Этот фрагмент переведен и публикуется с разрешения правообладателей.
Оригинальная полная версия: Berger, S. Wicke, C. and Golombek, J. Burdens of Eternity? Heritage, Identity, and the “Great Transition” in the Ruhr // The Public Historian. 39. 4 (2017). PP. 21–43.
Кристиан Вике, Стефан Бергер и Яна Голомбек
Бремя вечности? Наследие, идентичность и «великий переход» в Рурском регионе
[…]
Региональная идентичность понимается здесь с конструктивистской точки зрения2 — она представляет скорее общественную репрезентацию, а не идентификацию отдельной личности, которая потребовала бы проведения опросов и интервью. Подобно нациям3, регионы сформированы с помощью ряда культурных практик, которые отдельные личности воспринимают подсознательно и в режиме повторения4. Для регионов, так же, как и для наций, жизненно важно иметь собственную историческую культуру, чтобы узаконить свое существование в качестве пространственных и институциональных идентичностей5. Таким образом, те, кто рассказывают свою «историю», играют определяющую роль в формировании и поддержании своей территориальной идентичности. «Изобретение традиции» происходит быстро, особенно во времена переходного периода6. Переход от тяжелой промышленности к более диверсифицированной экономической структуре в Рурском регионе занял около 60 лет, то есть с первого угольного кризиса 1958 года по настоящее время7. Хотя регион постепенно превращается во что-то новое, он по-прежнему сильно зависит от памяти индустриальной эпохи.
Рурский регион — бывшее промышленное сердце Германии. Он образовался как своеобразный конгломерат постиндустриальных городов с общим населением более 5 миллионов человек, которые являются свидетелями десятилетий структурных преобразований в регионе. Индустриализация, за которой последовала быстрая урбанизация, сформировала Рурский регион как географическую единицу только в конце XIX века. В течение 150 лет в регионе преобладали угледобывающая и сталелитейная промышленности, но в 2018 году последняя угольная шахта закроется, а сильно уменьшившаяся сталелитейная отрасль находится в глубоком кризисе. Длительная история тяжелой промышленности региона скоро останется только в памяти, но воспоминания об этом прошлом уже стали серьезной проблемой. Регион может опираться лишь на свое индустриальное прошлое, чтобы сформировать единое целое, а совокупность идентичностных характеристик региона ограничивается индустриальным наследием, которое только усиливалось в течение всего двадцатого века. Эта статья разбирает примеры различных факторов, которые сформировали подобное наследие за последние полвека. Статья проанализирует исторический воображаемый пейзаж1 Рурского региона и его разнообразные, но преимущественно индустриальные образы. Также в статье мы порассуждаем на тему того, как наследие региона способствует формированию памяти о прошлом и представлению о будущем.
Введение
7 Goch, S. Betterment without Airs: Social, Cultural and Political Consequences of De-industrialization in the Ruhr // De-industrialization: Social, Cultural and Political Consequences. Eds. Altena, B. and Linden, M. van der. Cambridge University Press, 2002. PP. 87–111.

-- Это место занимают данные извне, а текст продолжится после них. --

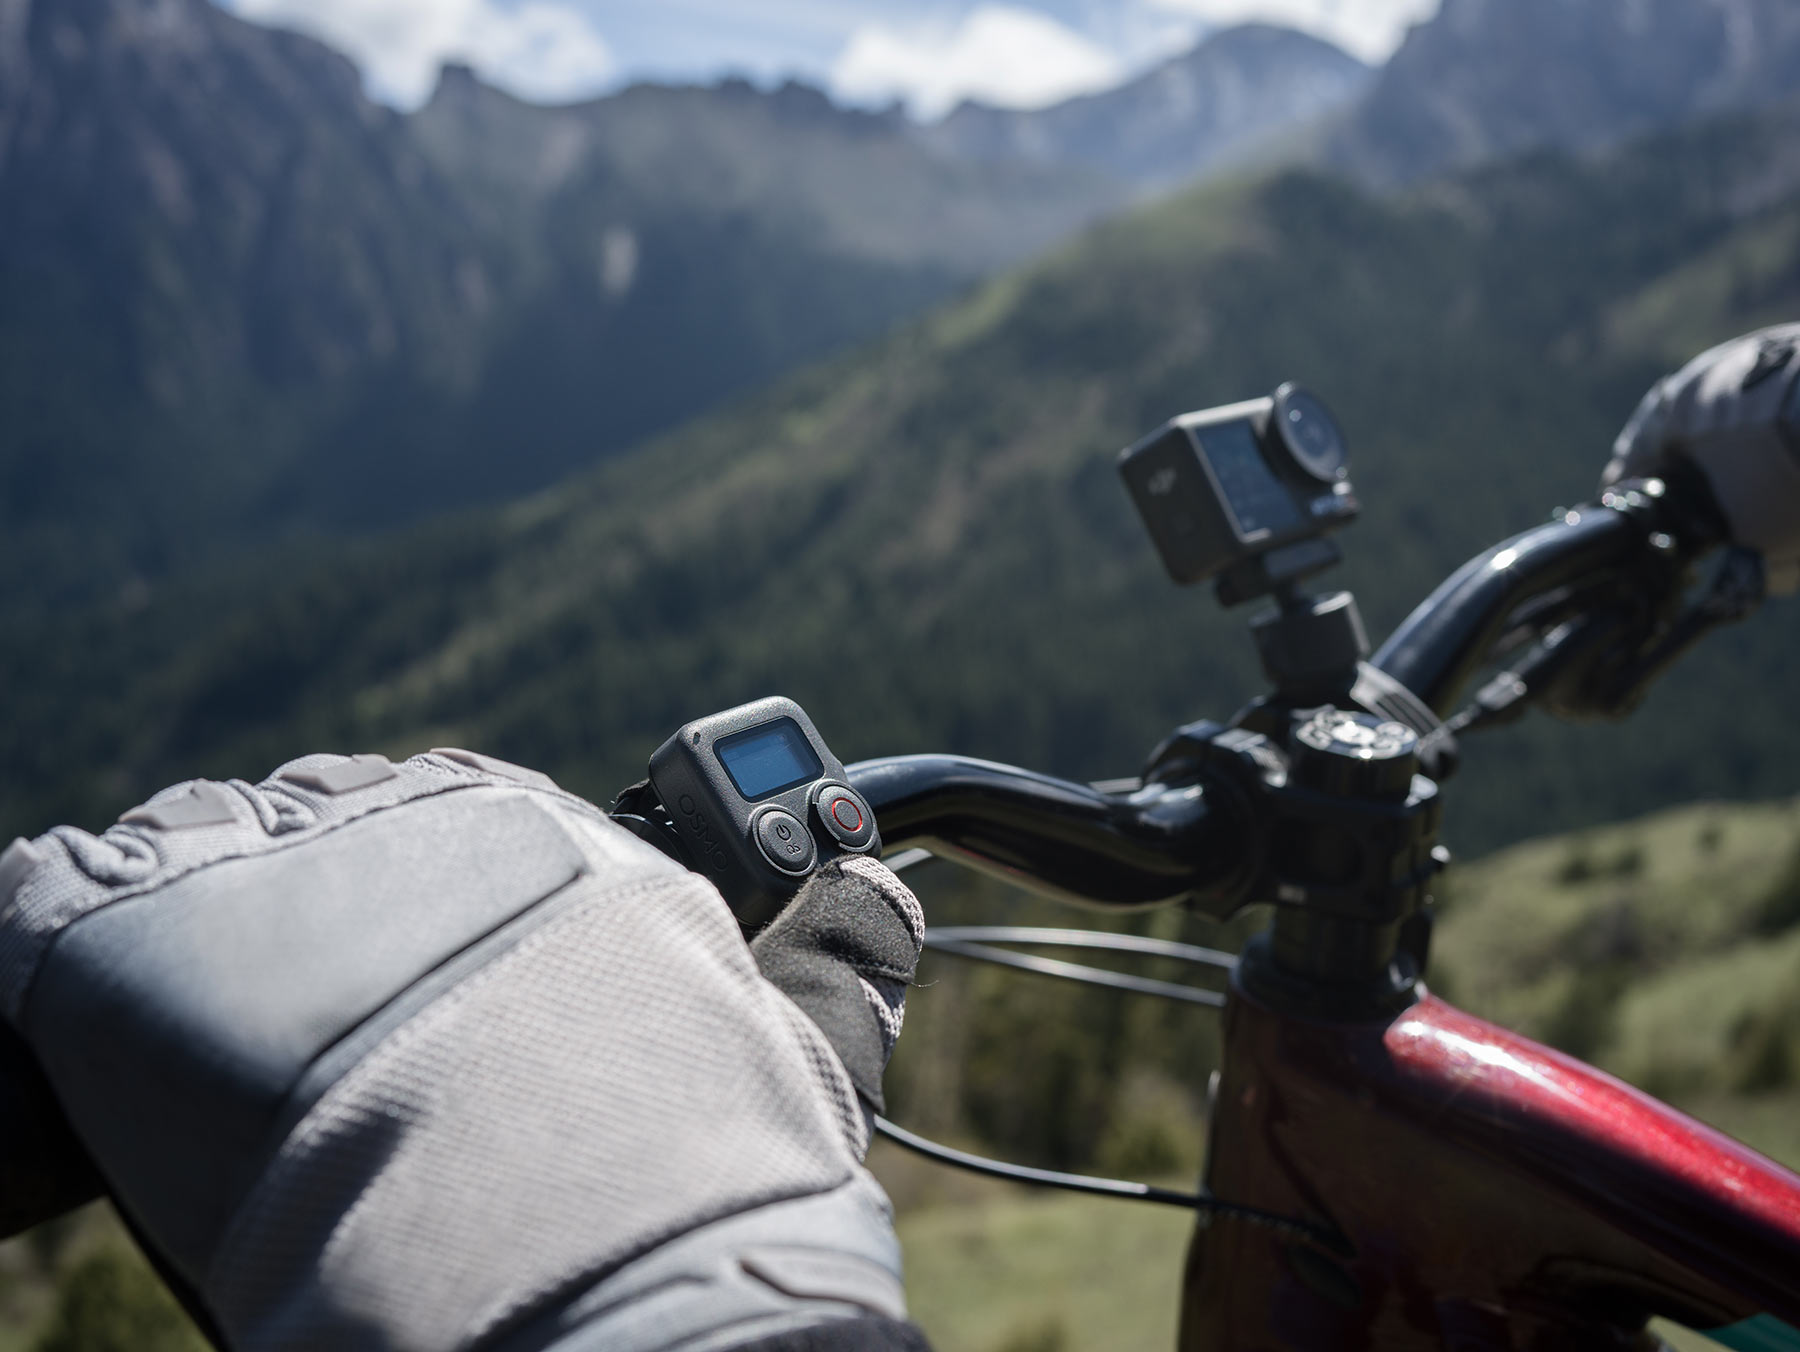 DJI Osmo Action 4 camera shown with GPS bluetooth remote on a MTB handlebar

6 The Invention of Tradition. Eds. Hobsbawm, E. and Ranger, T. Cambridge University Press, 1983.
5 Tagil, S. Regions in Central Europe: The Legacy of History. West Lafayette: Purdue University Press, 1999.
4 Billig, M. Banal Nationalism. London: Sage, 1995.

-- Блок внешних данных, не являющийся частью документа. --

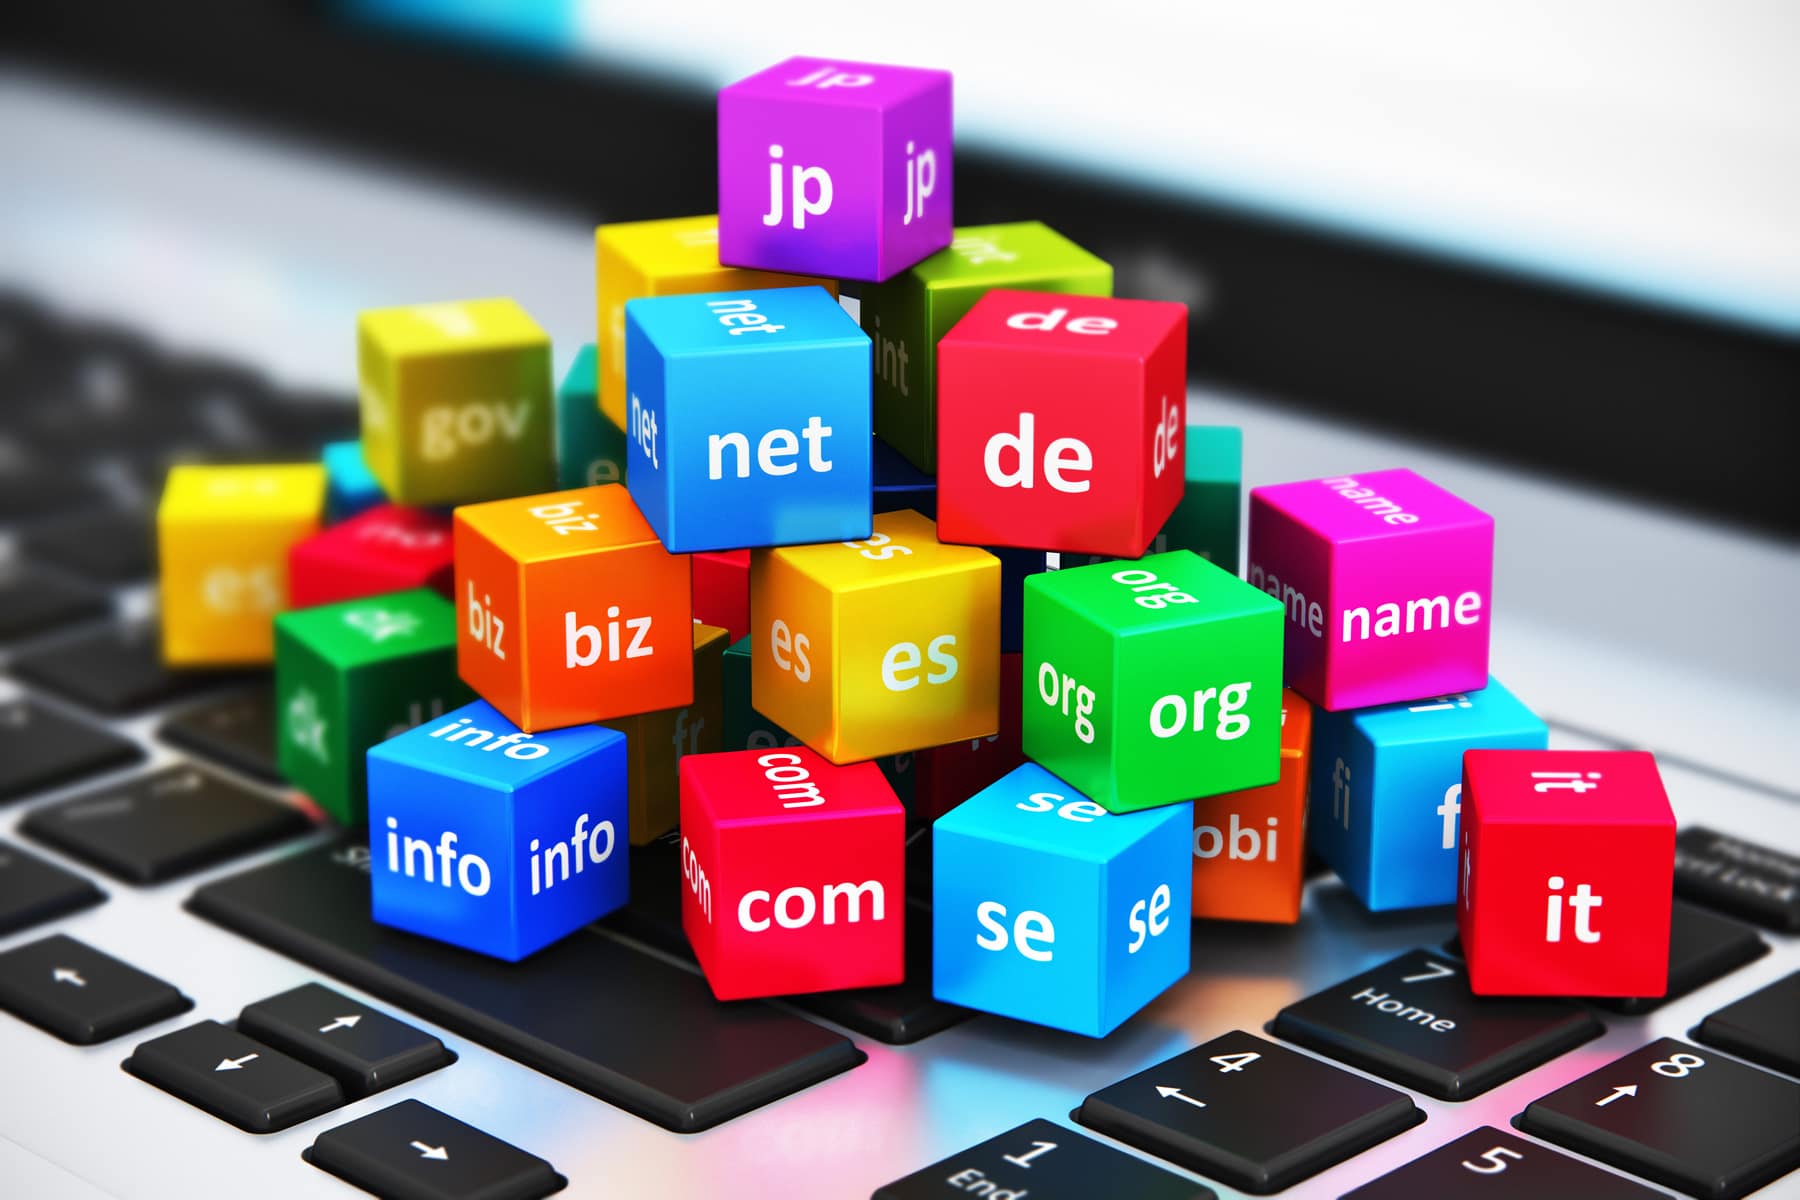 Picking the right domain name for your company

3 Anderson, B. Imagined Communities: Reflections on the Origins and Spread of Nationalism. London: Verso, 1991.
2 Paasi, A, The institutionalization of regions: a theoretical framework for understanding the emergence of regions and the constitutions of regional identity // Fennia. 164 (1986). PP. 105–116.

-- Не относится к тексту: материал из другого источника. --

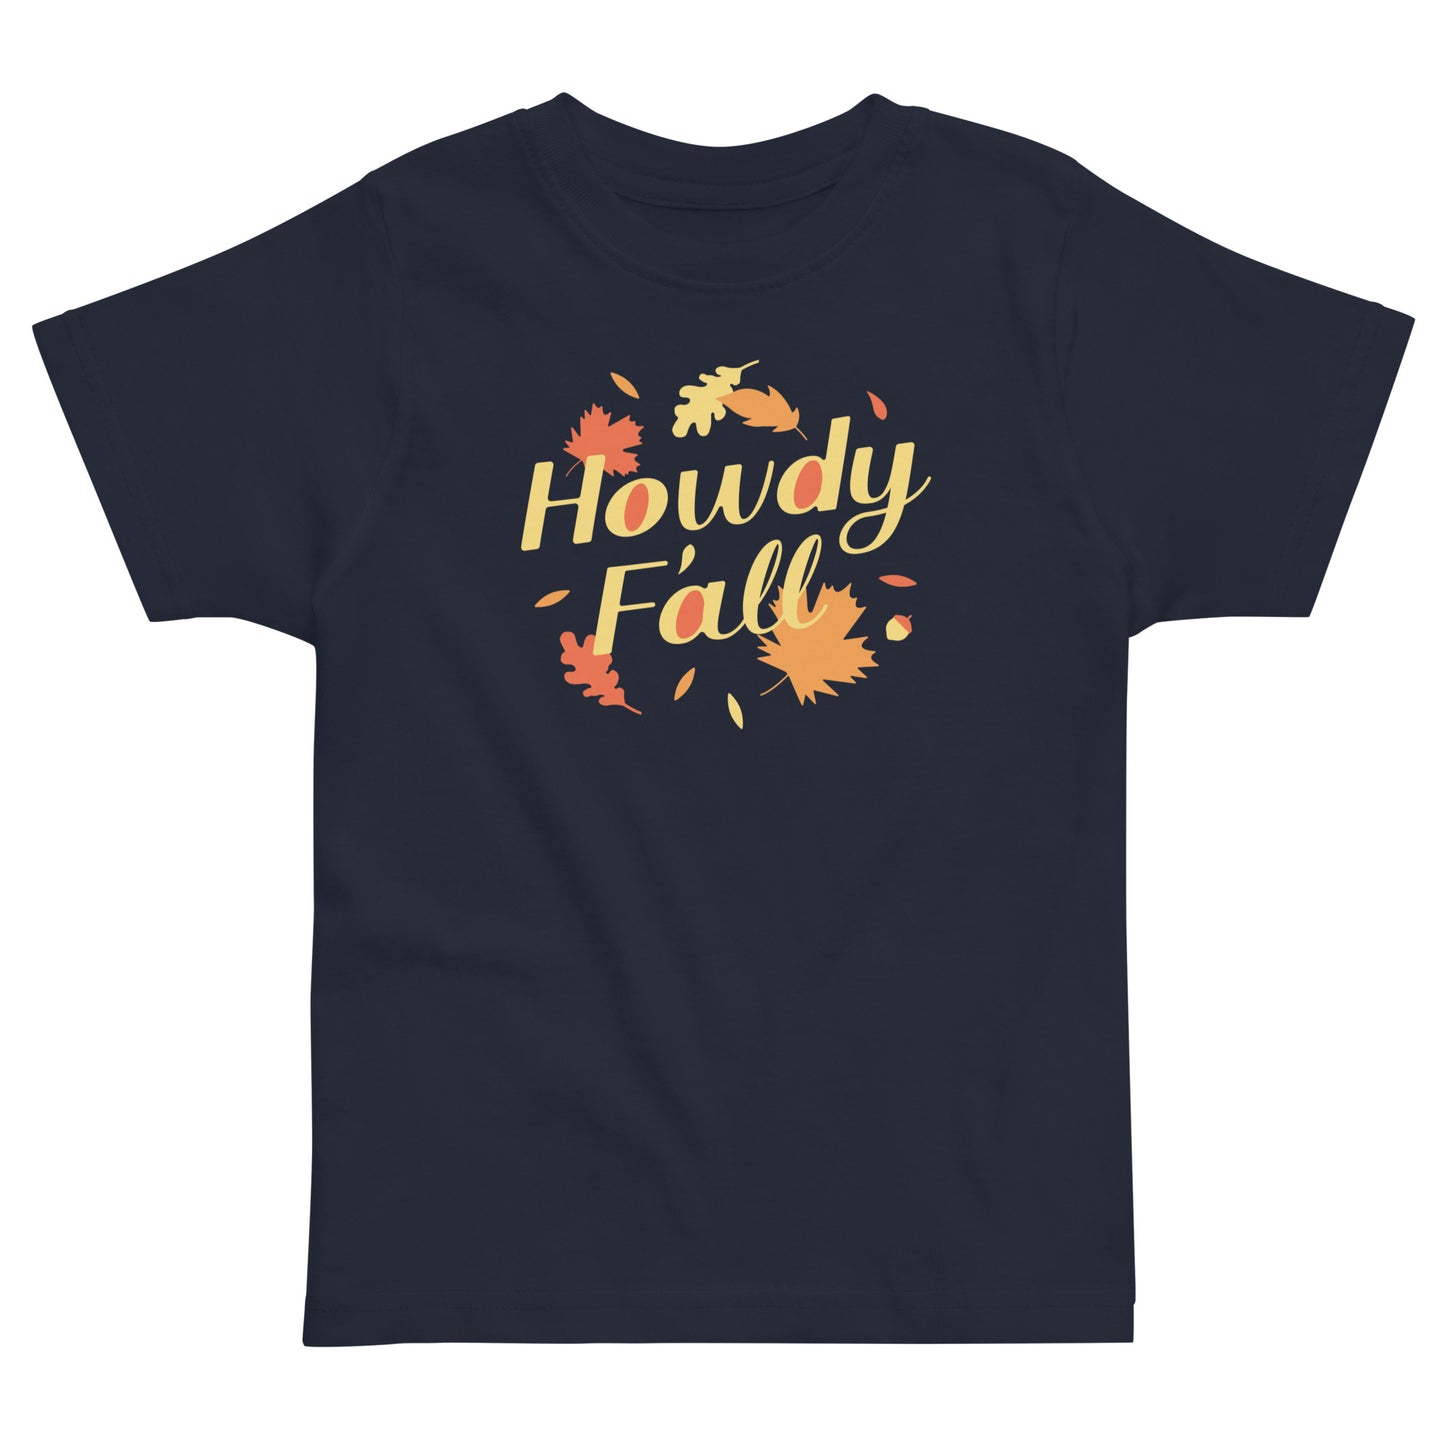 Howdy F'all Kid's Toddler Tee

1 Термин mindscape был использован Даи Смит, чтобы описать пролетарскую идентичность угледобывающего региона Южного Уэльса. В связи с конструированием наследия в деиндустриализируемом регионе термин используется в: Berger, S. Von ‘Landschaften desGeistes' zu ‘Geisterlandschaften': Identitatsbildungen und der Umgang mit industriellen Erbeim sudwalisischen Kohlerevier // Mitteilungsblatt des Instituts fursoziale Bewegungen. 39 (2008). PP. 49−65.
Основной причиной неспособности сконструировать более критическую историческую культуру Рурского региона была постоянная попытка ревалоризировать деиндустриализированный регион, включая его индустриальное наследие. «Рурский регион — хороший пример того, что структурные изменения могут быть сознательно спроектированы и осуществлены посредством работы с памятью», — утверждал Йорн Рюзен12. В то же время мы согласны с возможной опасностью, о которой говорит Рюзен, того, что «исторические условия и связанная с ними актуальная жизнь людей в Рурском регионе могут исчезнуть в прекрасном облике эстетически сконструированных реликвий… Тень эстетического великолепия — это де-историзированное прошлое»13. Промышленное прошлое Рурского региона подвергалось растущей туристификации и, следовательно, тенденции к большей эстетизации, что привело к размыванию первоначальной концепции индустриального наследия14.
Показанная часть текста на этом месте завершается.